— Разумеется, его здесь нет, — сказал Форстетнер. — Разумеется.
Честное слово, у него был такой счастливый вид.
— Это невероятно, — огорчился Андрасси.
Он поднял глаза к зеленым цифрам больших башенных часов. Было ровно одиннадцать тридцать.
— Может быть, он не стал нас ждать?
Форстетнер усмехнулся.
— Он сказал — в одиннадцать часов. По местным понятиям, это означает просто полдень.
«Он мог бы сказать мне об этом раньше. А я-то переживал, страшно нервничал».
— Это же Капри.
За четыре дня Андрасси уже не раз имел удовольствие слышать эту фразу. Приглашают, например, человека на чай, а он является только к ужину. Это же Капри. Муж изменяет жене. Это же Капри. Повар сходит с ума и поливает ликером жаркое. Это же Капри. И произносится это таким горделиво-нежным тоном. Прямо догма.
— Что ж… Капри так Капри… Только иногда это очень раздражает.
Форстетнер не счел нужным удостоить его ответом. Он стоял в своей панаме посреди площади с задранным вверх носом, недовольный, сероватый, окруженный задумчиво сидящими на ступенях церкви статистами. Форстетнер походил на директора театра, решающего, поднять занавес или нет. Потом у него на лице внезапно появилось человеческое выражение, он улыбнулся, приподнял над головой шляпу.
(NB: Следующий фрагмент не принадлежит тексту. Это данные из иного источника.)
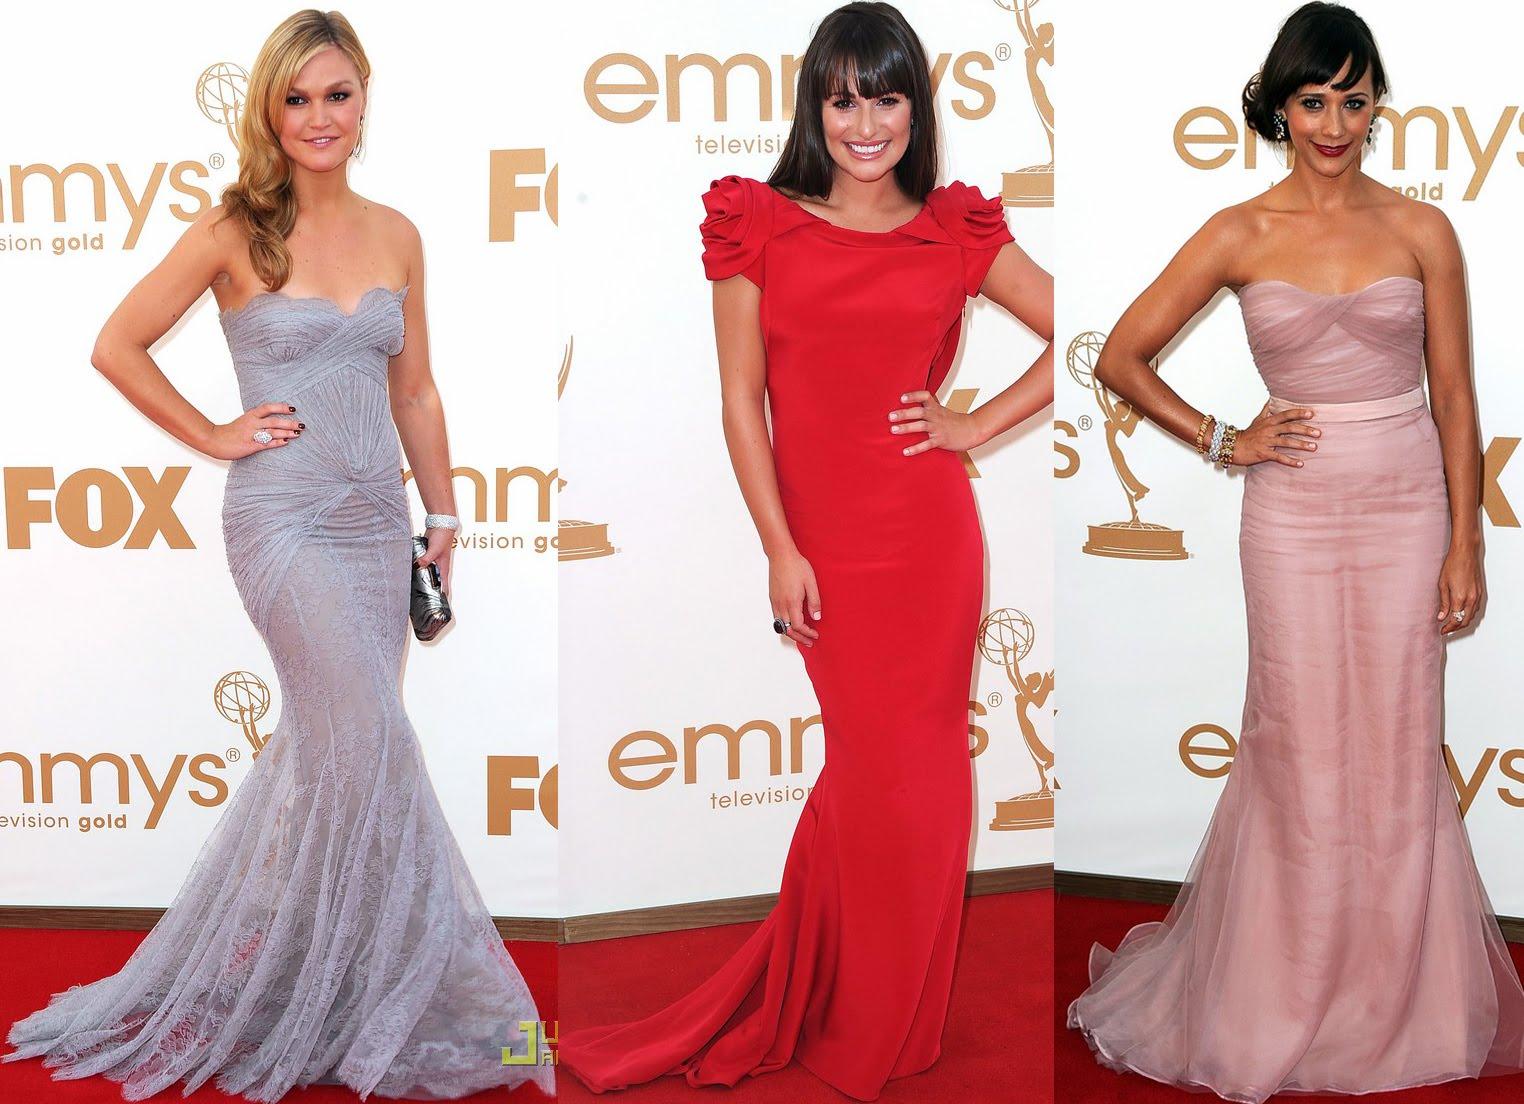 http://1.bp.blogspot.com/-tNW3VQ35wPM/TndZENMnH1I/AAAAAAAAByQ/gwA-mU4Zc80/s1600/julia-stiles-2011-emmy-awards-red-carpet-02.jpg
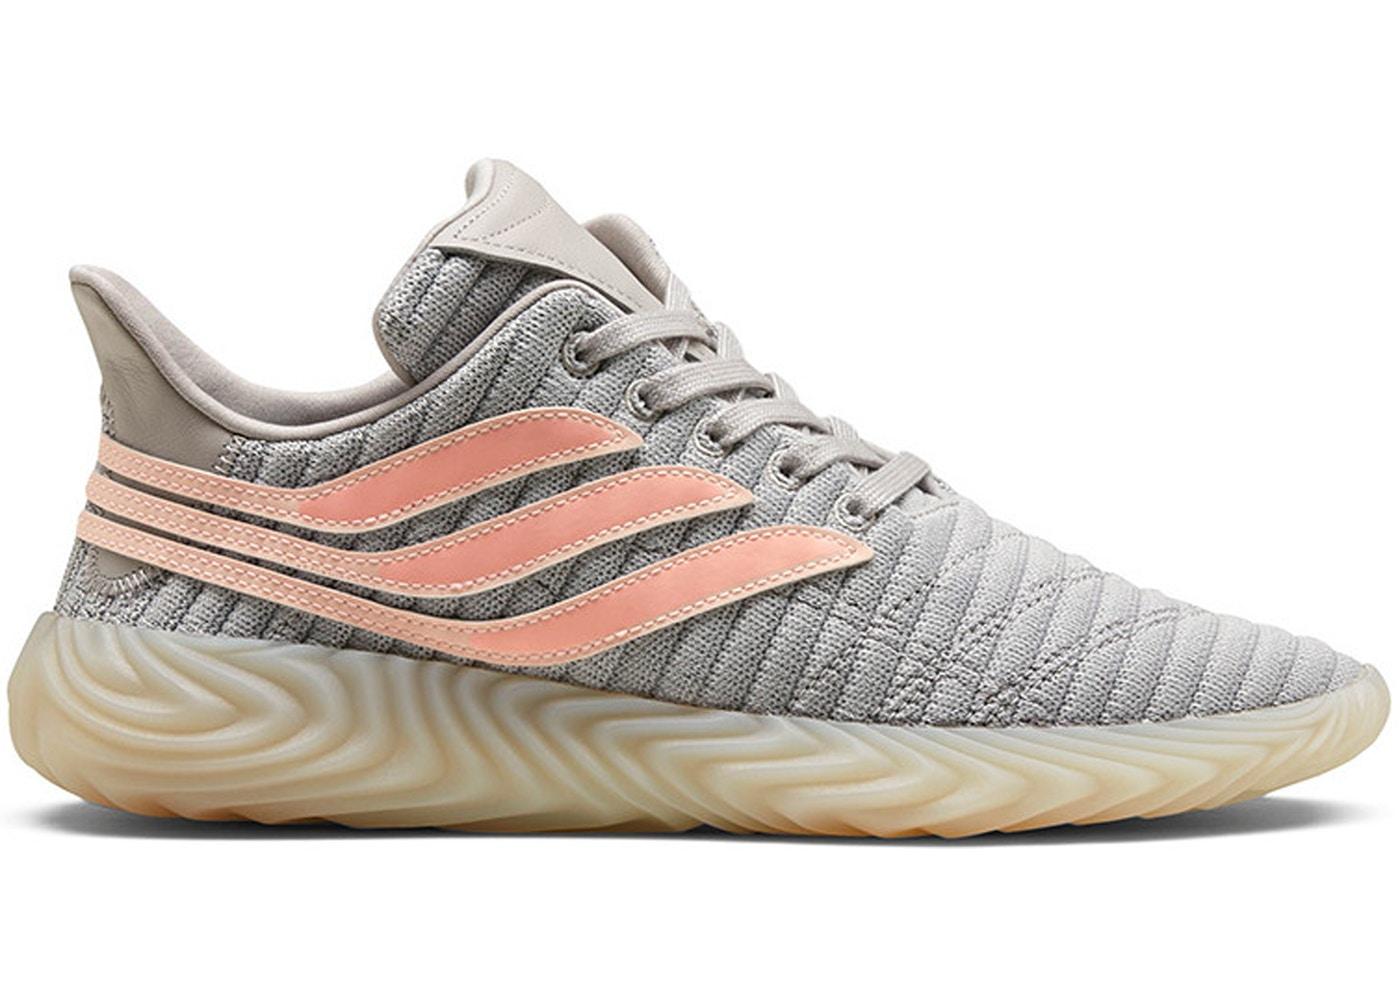 b6729373da2d7c Adidas Sobakov Grey Pink

Андрасси обернулся и увидел невысокого мужчину, молодого, но невзрачного, с повисшим, как сосиска, носом, безучастно смотрящего на Форстетнера.
— Князь Адольфини, — многозначительно произнес Форстетнер. Затем тут же более высоким, вибрирующим, как бы летящим на крыльях голосом добавил:
— Графиня Руссо. Она принадлежит к одной из самых знатных семей Италии.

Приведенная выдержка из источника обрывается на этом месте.